Gillard gets down the business
"Game on." With her first two words in the parliamentary chamber, the new Australian Prime Minister Julia Gillard delivered a telling insight into her style of politics. She uttered them to the opposition leader, Tony Abbott, as he reached out a congratulatory hand when she made her entrance.
Although trained as a lawyer, Julia Gillard has long been a professional politician, and a proudly political animal. Just 48 hours before she made her move on Kevin Rudd, the ABC's popular show Australian Story reworked its 2006 profile of the then deputy Labor leader and broadcast it again in primetime. It presented her as self-deprecatory, charming, family-loving and genuinely funny. But she also came across also intensely, myopically and ruthlessly political. As she spoke of her entry into electoral politics, one particular quote leapt out from the television. "I had to fight hard to get preselected," she said. "I had to play a factional game to do that, I had to count numbers, I had to make deals and I'd do all of that again tomorrow if I needed to." Two days later, in a new factional game, she had the numbers once more, this time to oust the prime minister.
One of the ironies of the elevation of Australia's first female prime minister is the behind-the-scenes role played by macho, political chieftains - the powerful factional leaders who dominate the Labor party and who work in rooms that are not only full of smoke but choked with testosterone. You can read more about that and I would love you to weigh in. Along with Gillard, male powerbrokers were the central players in last week's political game. They had lined up so many votes behind her that she did not even have to make a phone call.
"The polls have already suggested a Gillard bounce, and that the government has restored a commanding leading over the Liberal-led opposition. There's no sign yet of a backlash from voters who have taken pity on Kevin Rudd, and who did not feel that he truly got a "fair shake of the sauce bottle," as he himself might have put it.
In her first remarks as prime minister, Gillard has presented herself as a champion of the battlers, as John Howard once did. But her rhetoric was borrowed from Bill Clinton, who was particularly adept at finding points of convergence between liberal and conservative America. In his famous mantra, Clinton claimed to be the president of those who "work hard and play by the rules". Here is Gillard's variation on that theme:
"I believe in a Government that rewards those who work the hardest, not those who complain the loudest. I believe in a Government that rewards those who, day in and day out, work in our factories and on our farms, in our mines and in our mills, in our classrooms and in our hospitals, that rewards that hard work, decency and effort.
The people who play by the rules, set their alarms early, get their kids off to school, stand by their neighbours and love their country."
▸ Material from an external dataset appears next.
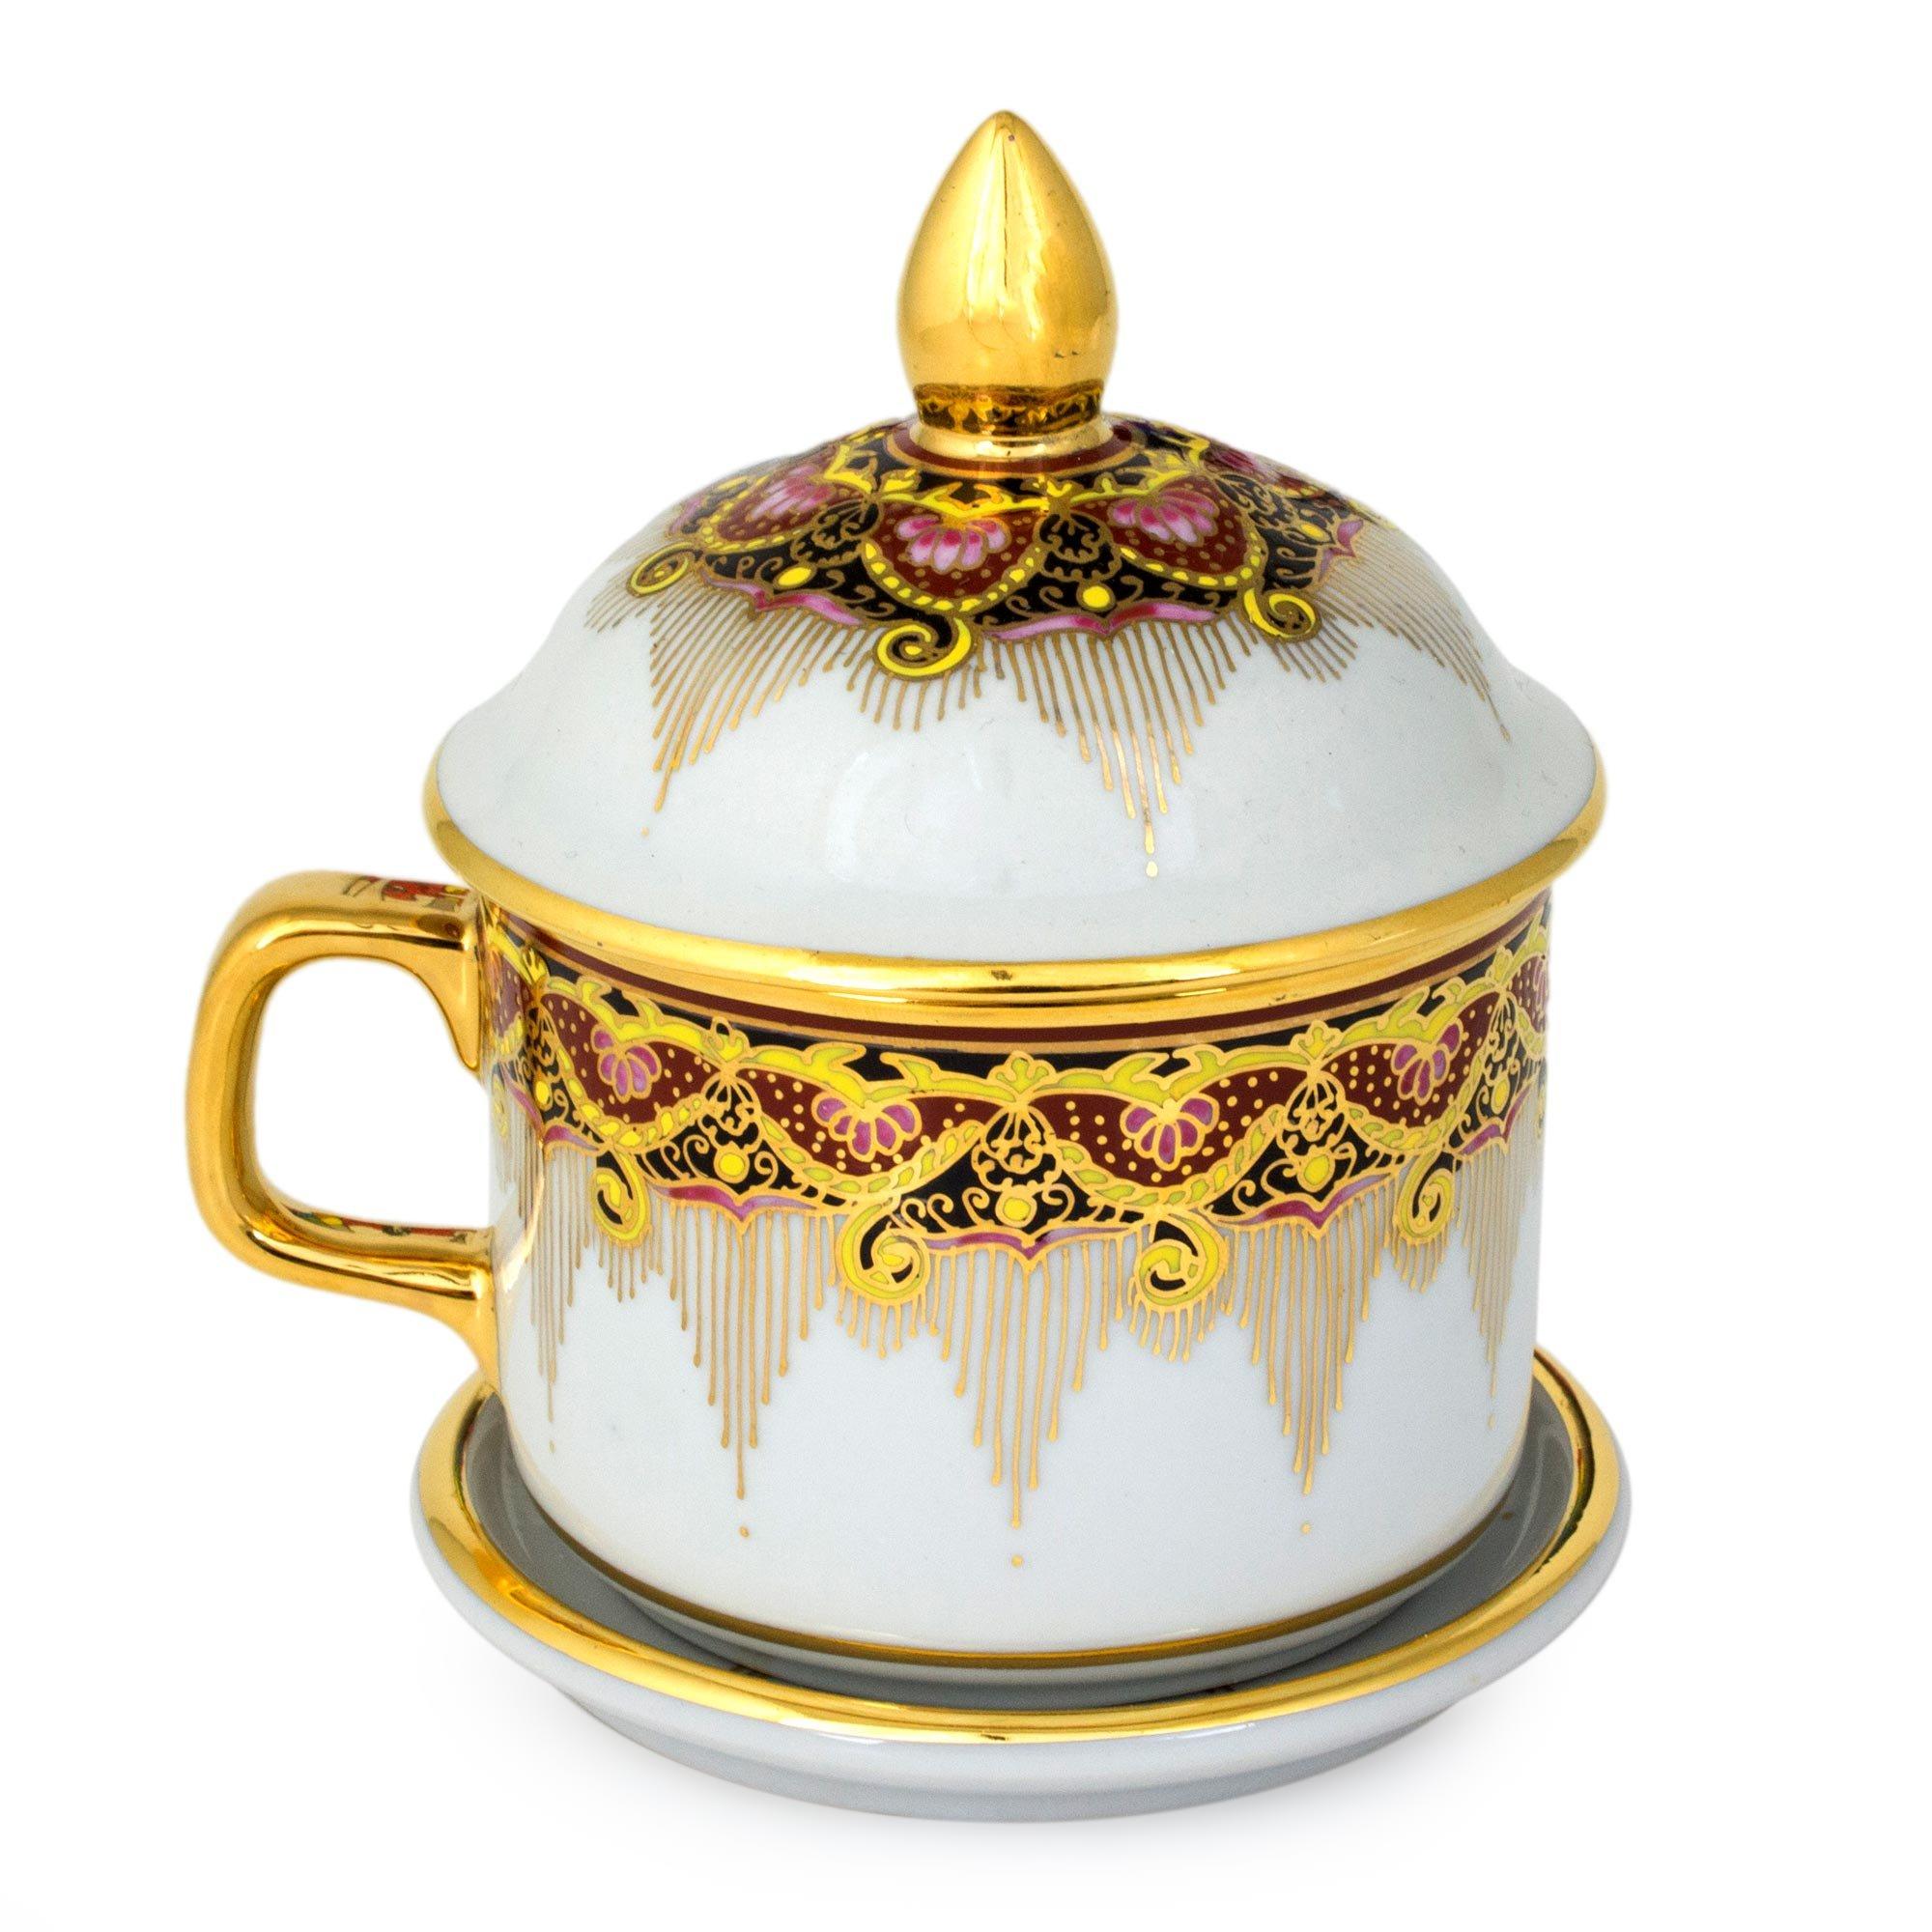 NOVICA Benjarong porcelain teacup, Thai Iyara by NOVICA

Gillard has already demonstrated her political smarts by signalling a change of course on Australia's population policy. Kevin Rudd had favoured a Big Australia policy, which would have seen a 60% rise in the population. But Gillard has said she wants to put the brake on the population surge. She knows that in the crowded and congested suburbs of Sydney and Melbourne, in particular, the Big Australia policy was damaging the government in marginal parliamentary seats. Doubtless there is also a dog whistle element to her announcement as well, for it implies that she will place limits on immigration.
In language which echoes Bill Clinton, with conservatism tinged with progressivism, she says that she feels the concern of Australians over the arrival of asylum seekers, the most paranoiac issue in Australian politics. As she told the political veteran Laurie Oakes of Channel Nine news: "I can understand that Australians are disturbed when they see boats arrive on our shores unannounced. I can understand that Australians are disturbed by that.....I've got no truck at all with elevating and fear-mongering about a problem for political advantage which is what I believe the opposition is seeking to do, but I am full of understanding for the perspective of the Australian people. They want strong management of our borders and I will provide it."
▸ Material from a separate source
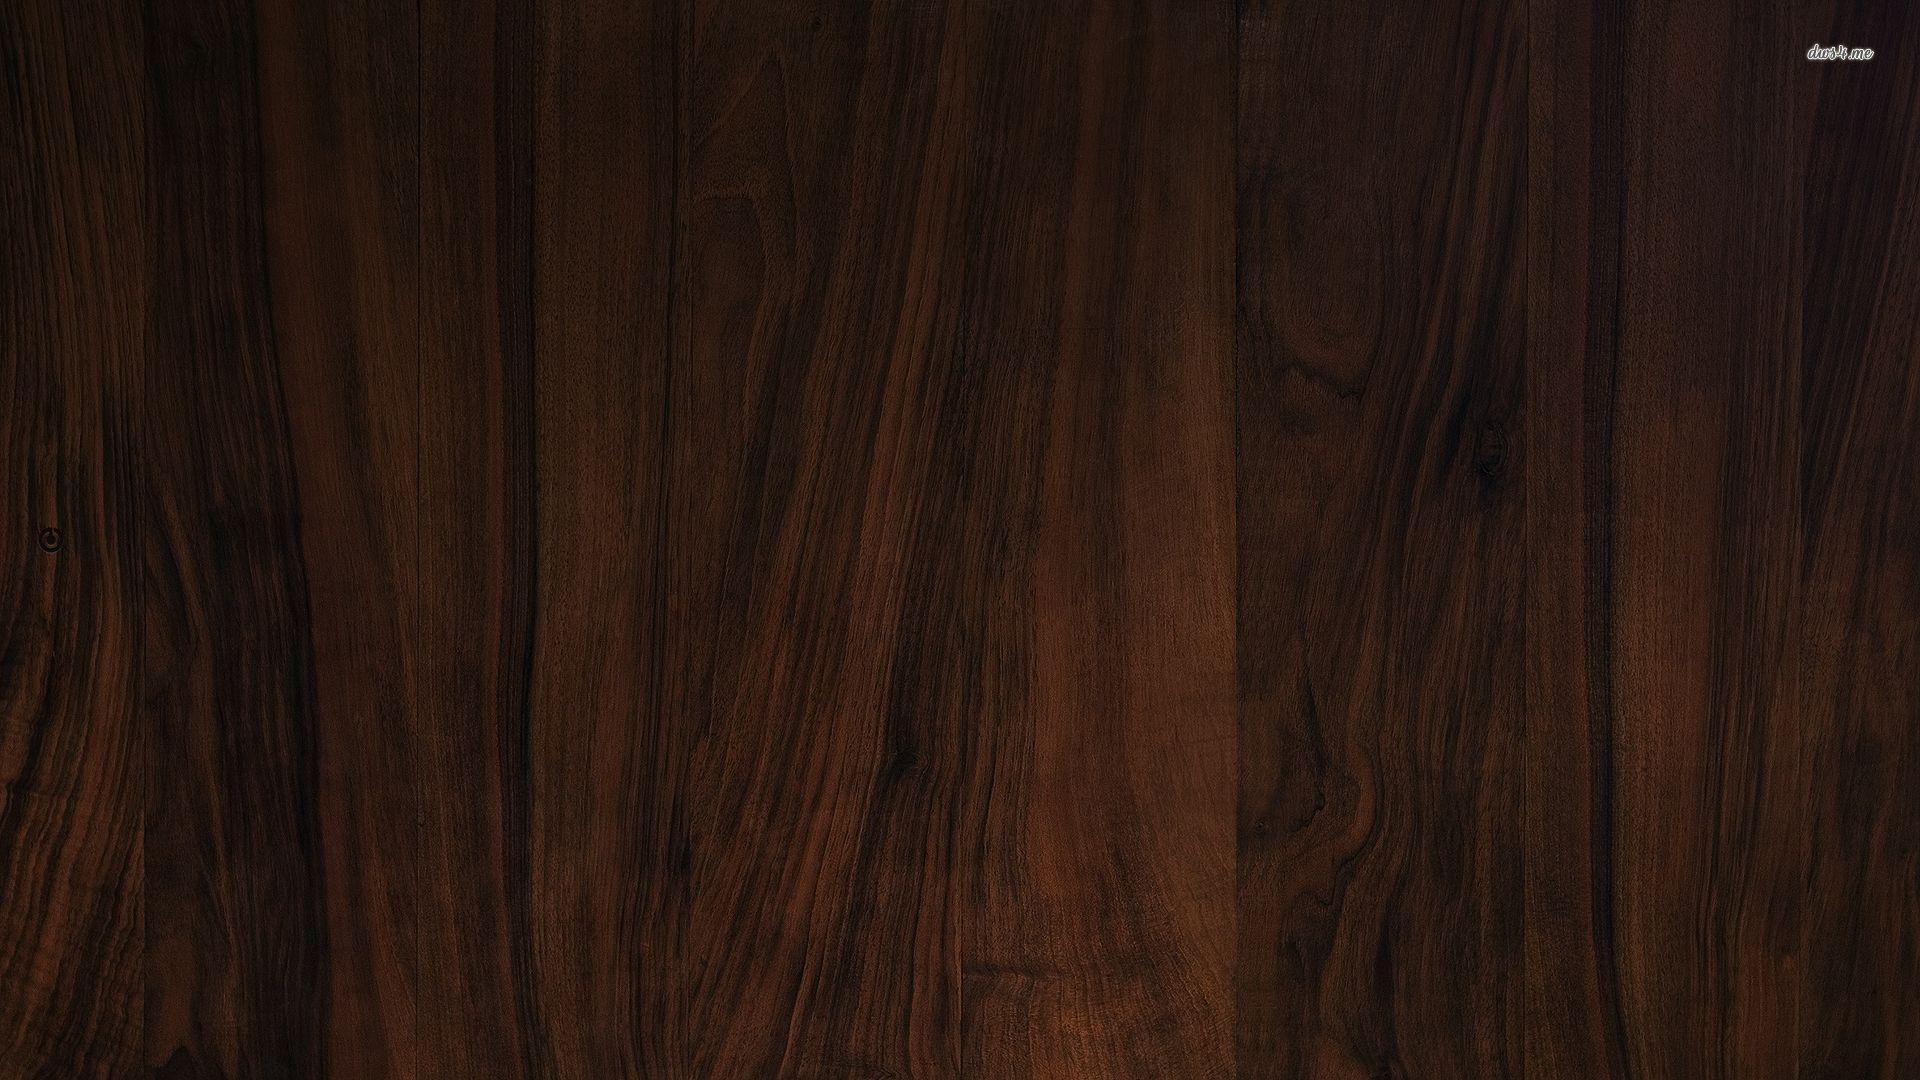 Mahogany wallpapers wallpaper cave - Dark wood wallpaper ...

My hunch is that Gillard's strongest card will be her sense of humour. You can watch it at the end of her first interview as prime minister with the presenter of ABC's 730 Report, Kerry O'Brien. "It's a great day for redheads, too, Kerry", she said to her fellow red-head.
With an election probably now just months away, it's "game on" in Julia Gillard's new political world. Don't forget to set your alarm.
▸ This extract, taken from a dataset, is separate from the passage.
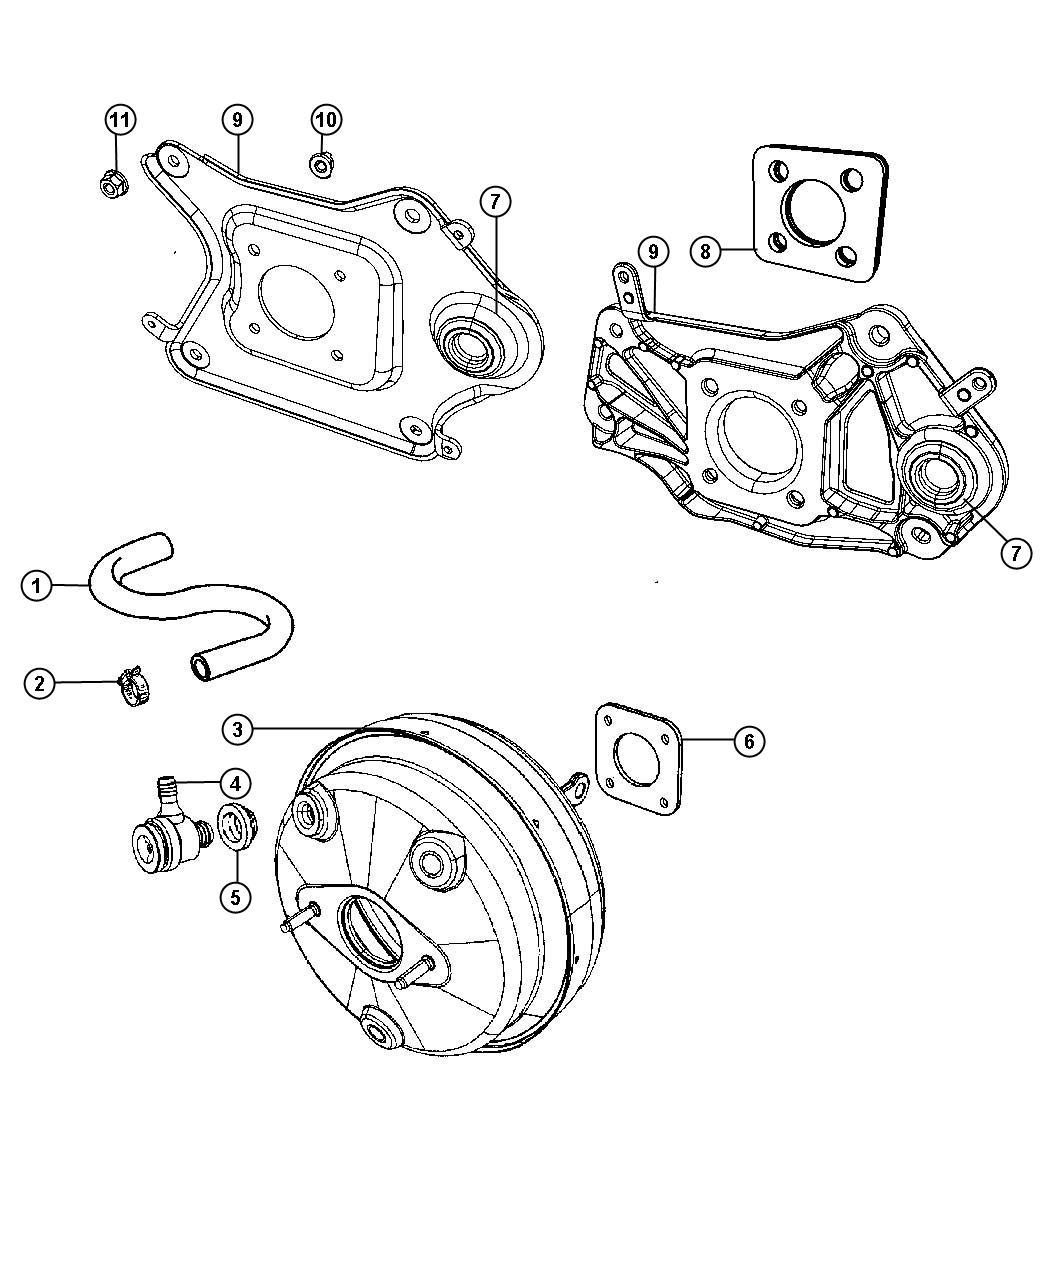 Jeep Liberty Booster Power Brake Maintenance

UPDATE 06:34 UK time: Setting the alarm early has just got a whole lost easier now that England have been dumped from the World Cup - and with Teutonic flair as well as efficiency. But even after the hang-over of Bloemfontein, I was up in time to see the start of Julia Gillard's first full week as prime minister. It began with a tour of a shopping centre in the bellwether seat of Eden Monaro which borders Canberra, a Labor-held marginal. By lunchtime she was unveiling which looks very much like her predecessor's last.
The main headline is that Kevin Rudd has not been offered a job, despite reports that he wanted to become the foreign affairs minister. The sub-headline is that some of those factional chieftains who provided her with the numbers have not been rewarded with promotions. Again, both look like smart politics.